Friday, August 13, 2010

Rosh Chodesh Elul and Women of the Wall

This post is long and full of multi-media. I apologize for the length up front.


There was tension in the air when I got out of bed at about 5:15 in the morning on Wednesday. Marina and I met a group of students and we walked towards the Old City to meet Women of the Wall at the Kotel for a Shacharit Service for Rosh Chodesh Elul. As we descended the steps towards the Kotel, the sun started to crest over the top of the The Temple Mount, over the Mosque of the Dome of the Rock and Al Aqsa Mosque with the Western Wall at the base.

Once we arrived, due to the Mechitza, the women went to their side and the few men I walked with joined the group of mainly HUC students standing near the women at the Mechitza. There were enough of us to make a minyan. The women were close enough that we sometimes could hear them and we tried as much as we could to continue to pray with them. As the women got louder, an orthodox man heard their voices, picked up his books and a small table and moved over near us and began shouting the words from a book. He was trying as hard as he could to drown out their voices.

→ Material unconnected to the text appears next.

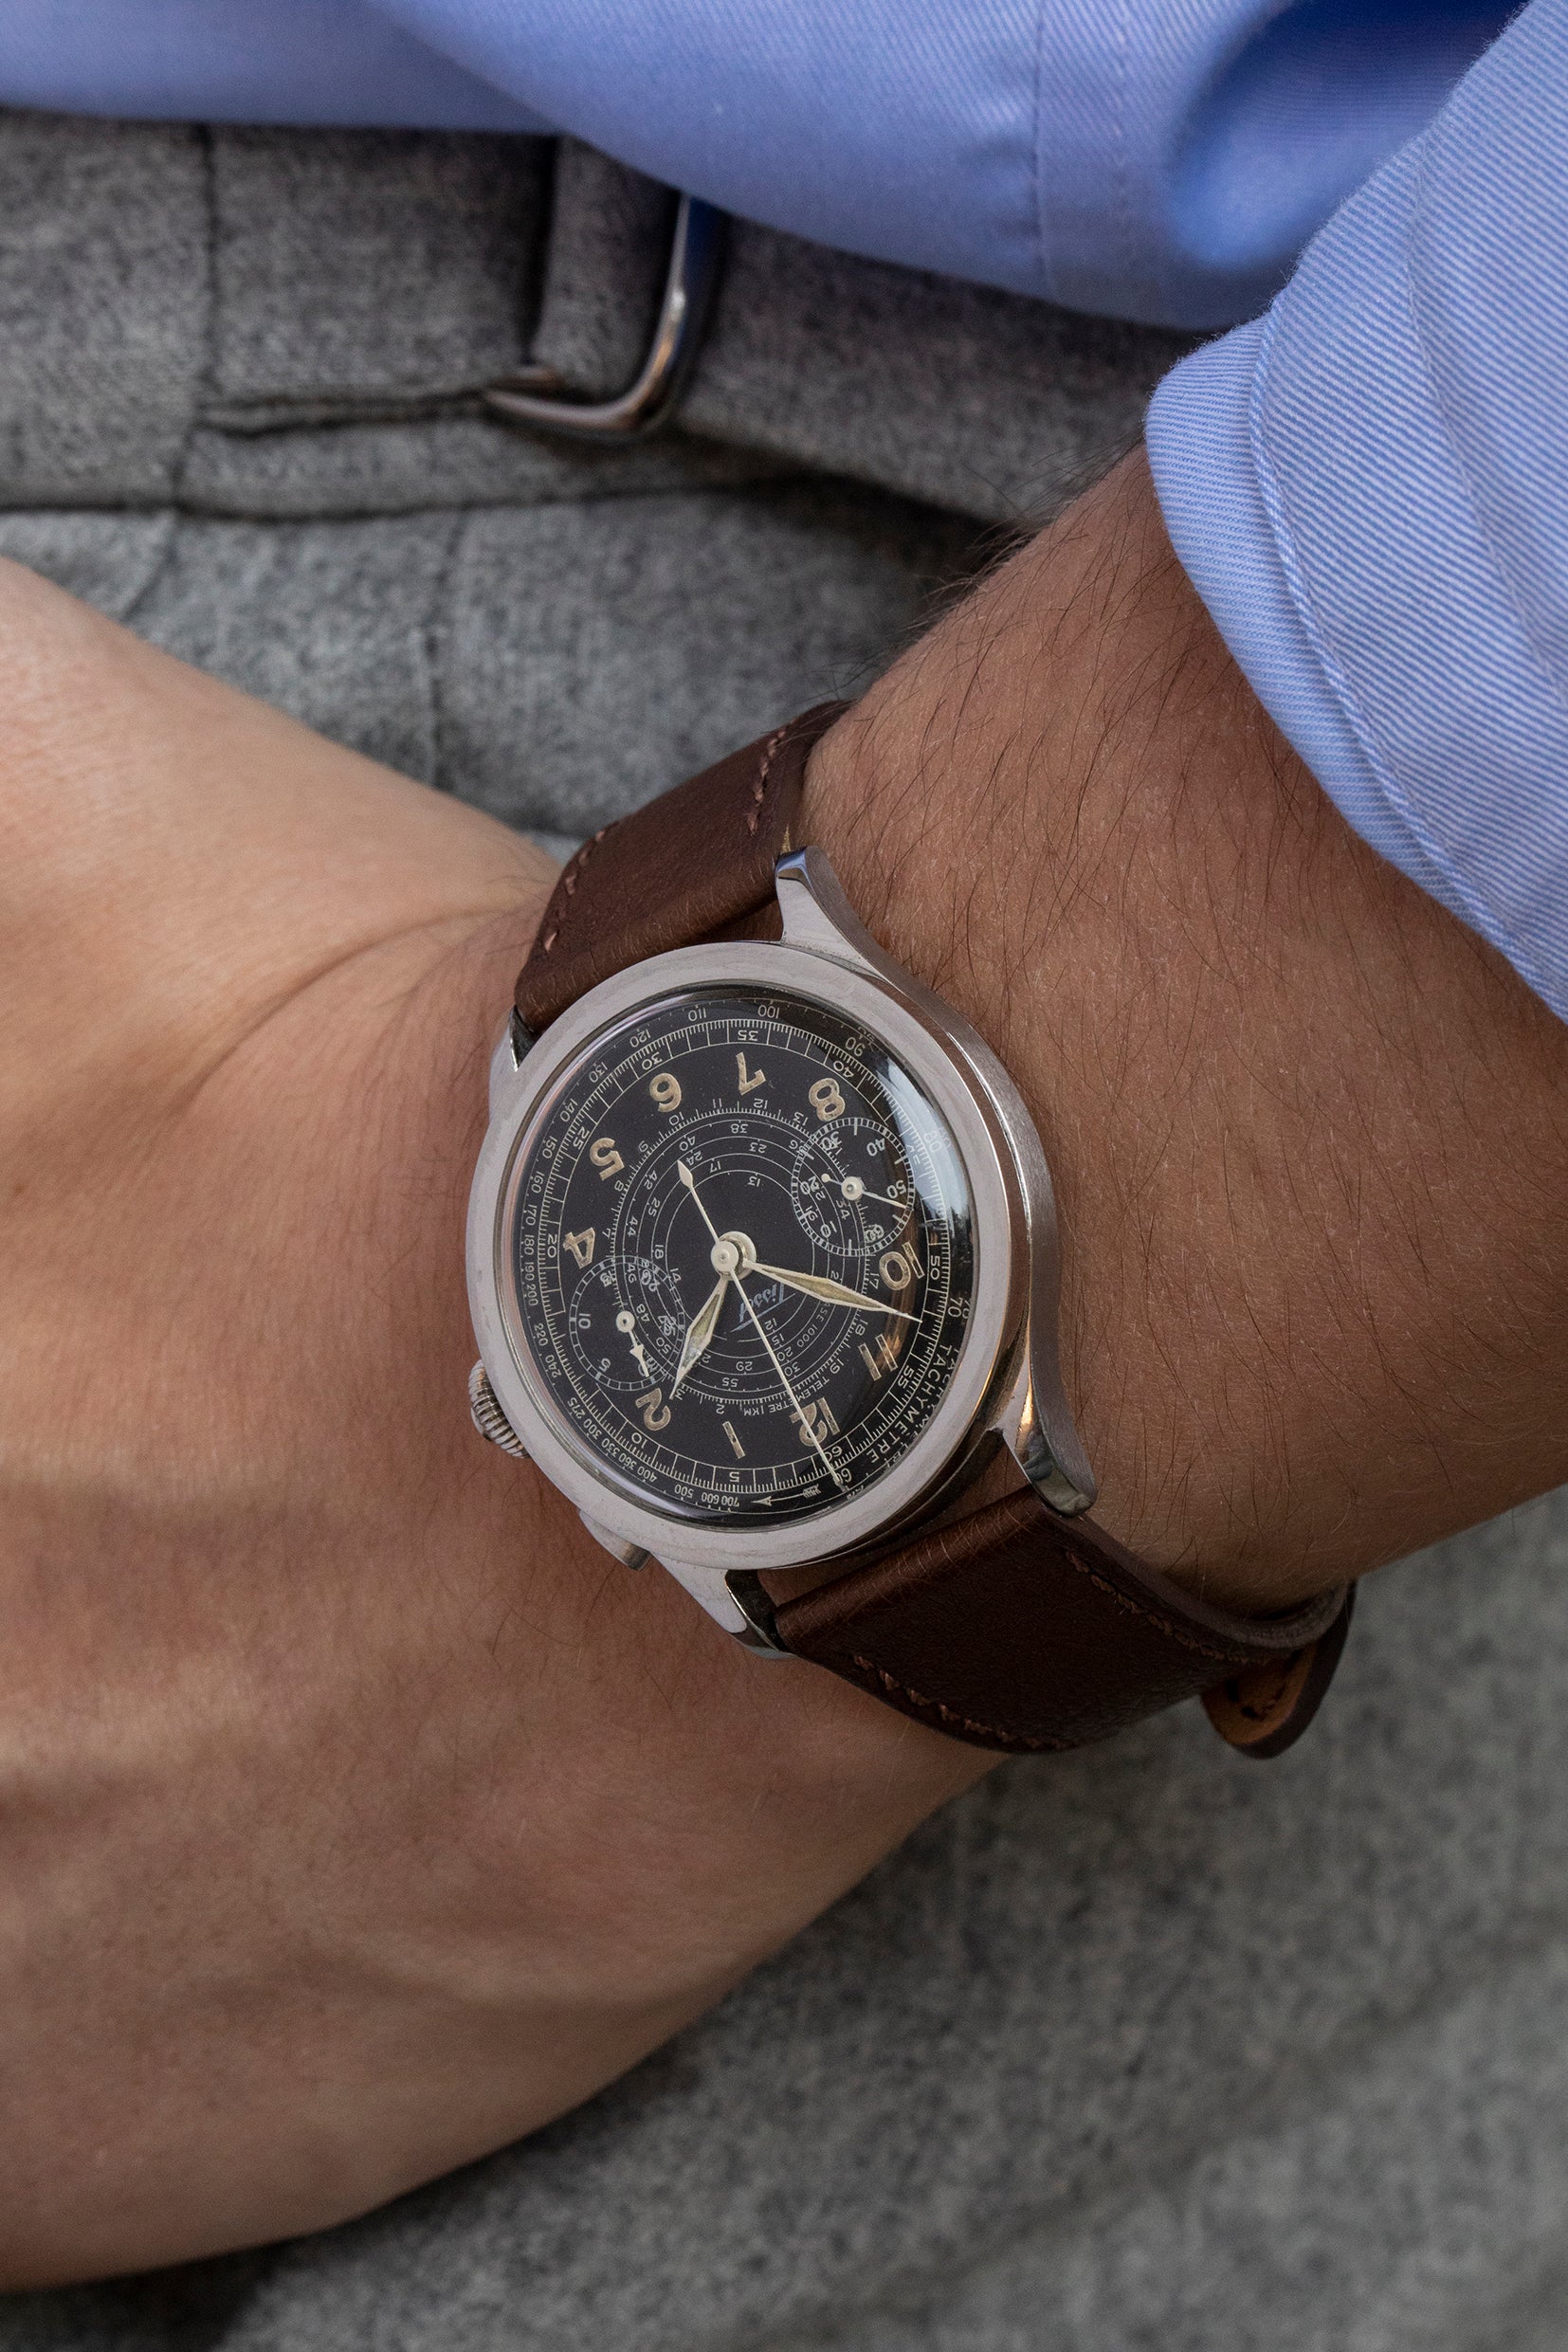 Tissot Vintage watch on a wrist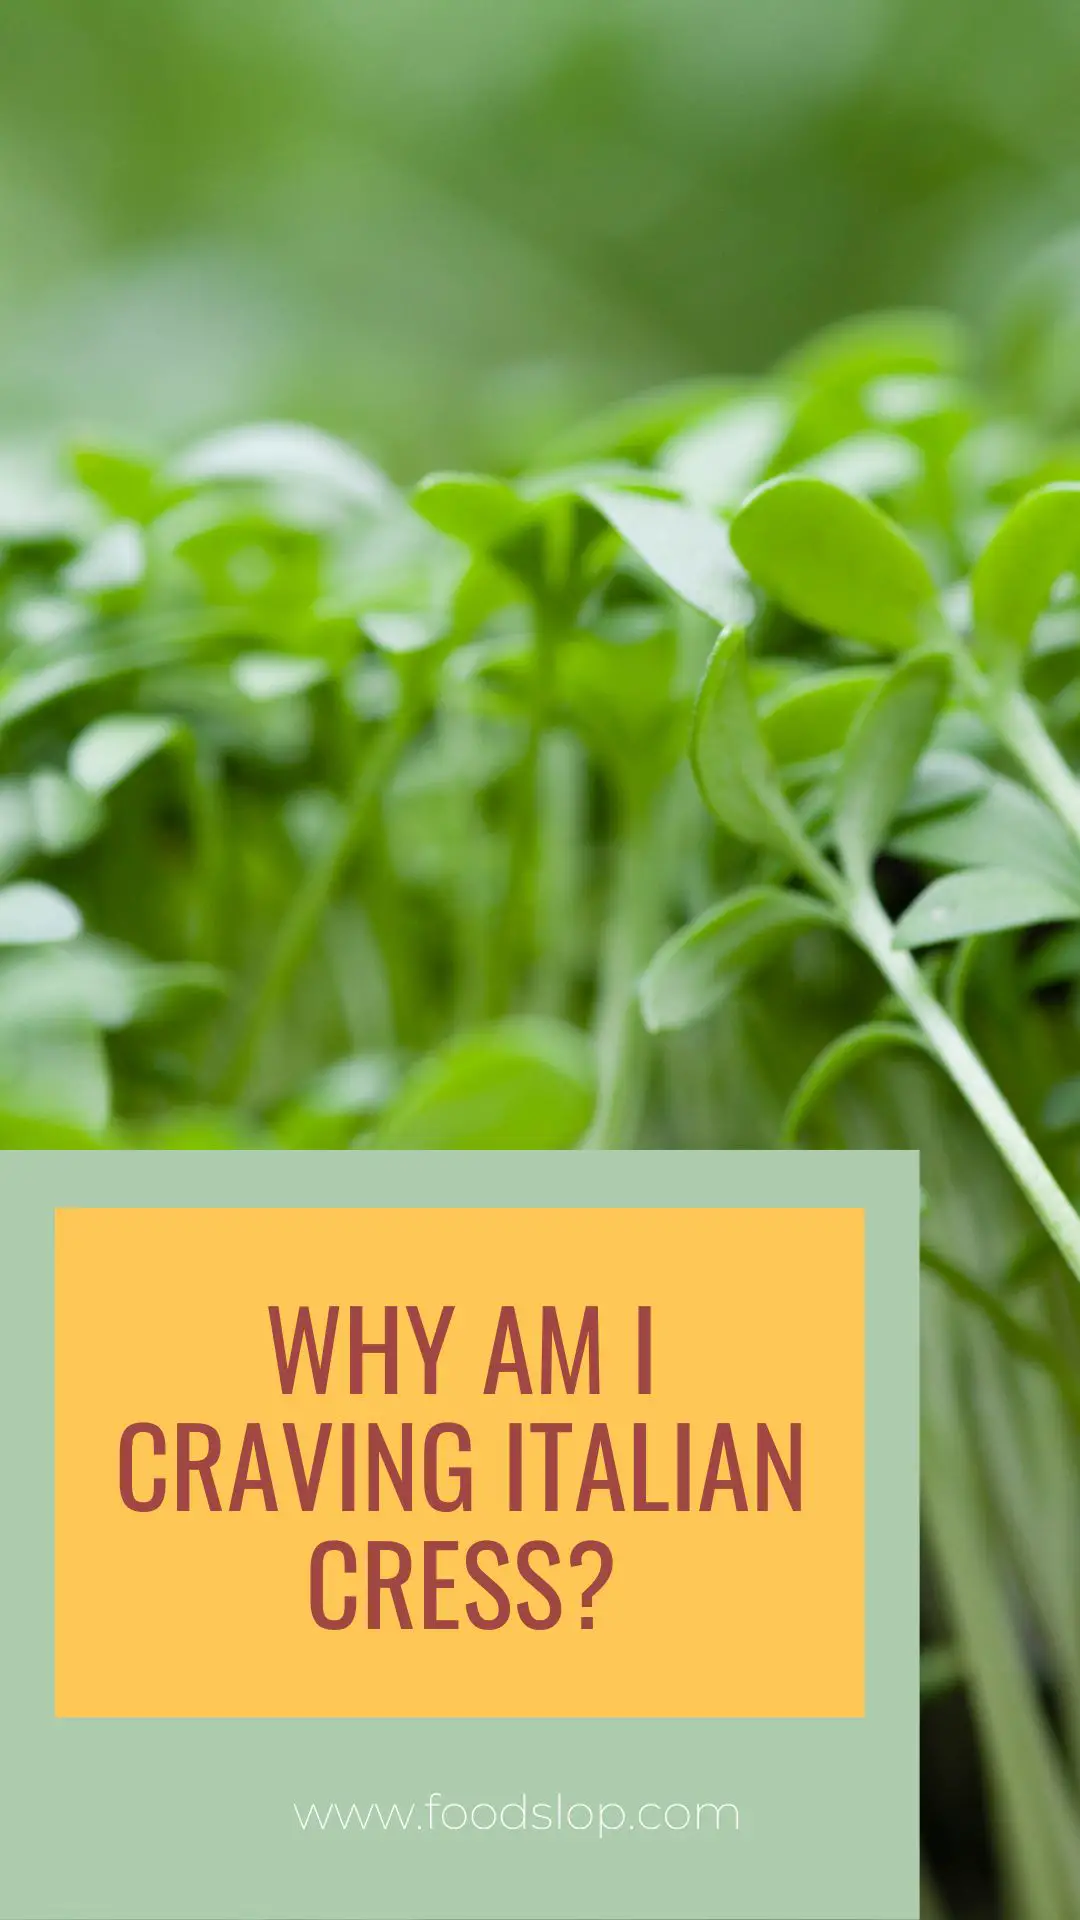 Why Am I Craving Italian Cress?

The video is shakey, but you can hear the women and the man reading at the top of his lungs.

As the women in the group prayed louder, a congregation of Sephardic men rushed over to start their service. I couldn't tell if they typically recite their prayers this loudly or if this was their protest. As the women were louder, the men got louder. I was emotionally distraught at the way that words of prayer were being used.

Being Reform Jews, we continued our service and enter the T'Fillah (the 18 prayers that are the central part of a service). There is a prayer traditionally called the A'vot which recalls the memory of the first Jewish Ancestors (Abraham, Isaac and Jacob). The Conservative and Reform Movements have changed their liturgy to also include their wives as well (Sarah, Rebecca, Rachel and Leah). Loud enough to drown out the men, we chanted this prayer OUR way. This enraged the men who had finished their loud service and the few that hung around began to yell things at us as well as the women. I apologize for the coarseness of the coming language. Some of the phrases I was able to understand include; "You're not really Jewish", "You (Reform Jews) may as well be Muslim", "Faggots and Lesbians", "You are ruining Judaism" to name a few of the horrible phrases screamed by these "righteous" men. Disgusting.

Because there were some disturbances there were always policemen standing near us, sometimes directing some of the people who came too close to leave. This includes some of the women from the other side of the wall that came to stare through the Mechitza and yell at us too. They mostly were telling us what we are doing in support is wrong and we shouldn't be there. So much for "separating" men from women to pray, right?

There was another point in the morning that a man decided to come stand on one of the benches at the back of the Kotel area to stand and take turns yelling horrible things at the women and at us. Another man joined him and tried to restrain him, tried to calm him down. He continued to push this man back off the bench and there was a security officer standing there that did nothing until it looked like this second man was going to be hurt. At this point, he walked up to try and "control" the situation a little.


Not only that, but these religious men were distracting other people from their prayers. Another man from a point far away at the Kotel came to ask one of them to stop shouting. Apparently this was the man reading from the Shulchan Aruch. His response? I couldn't here precisely what it was but after watching his gestures, it was apparent that he was doing it to try to drown out the women on the other side.

There was no major violent outburst, no arrests nothing horrible that happened during the services. I was just completely disgusted at the reactions of the men on our side of the wall. Yes, I do understand that Israel has decided to stand on the side of the religious men and say that the Western Wall is to be treated a certain way. At the same time I am struck by the hypocrisy displayed. The circular arguments I've read online since that day have very limited and weak excuses for why the Women of the Wall have no right to do what they want. Despite the treatment that all of us received that morning, I hope to continue to join them for Rosh Chodesh services.

I doubt that anything will change in the year that I will be here, but that doesn't mean I am allowed to walk away from the situation.

1 comment:

  1. Thank you so much for supporting the Women of the Wall. I hope you will continue to write about what is happening there. It means a lot to have righteous men who stand up for the rights of women.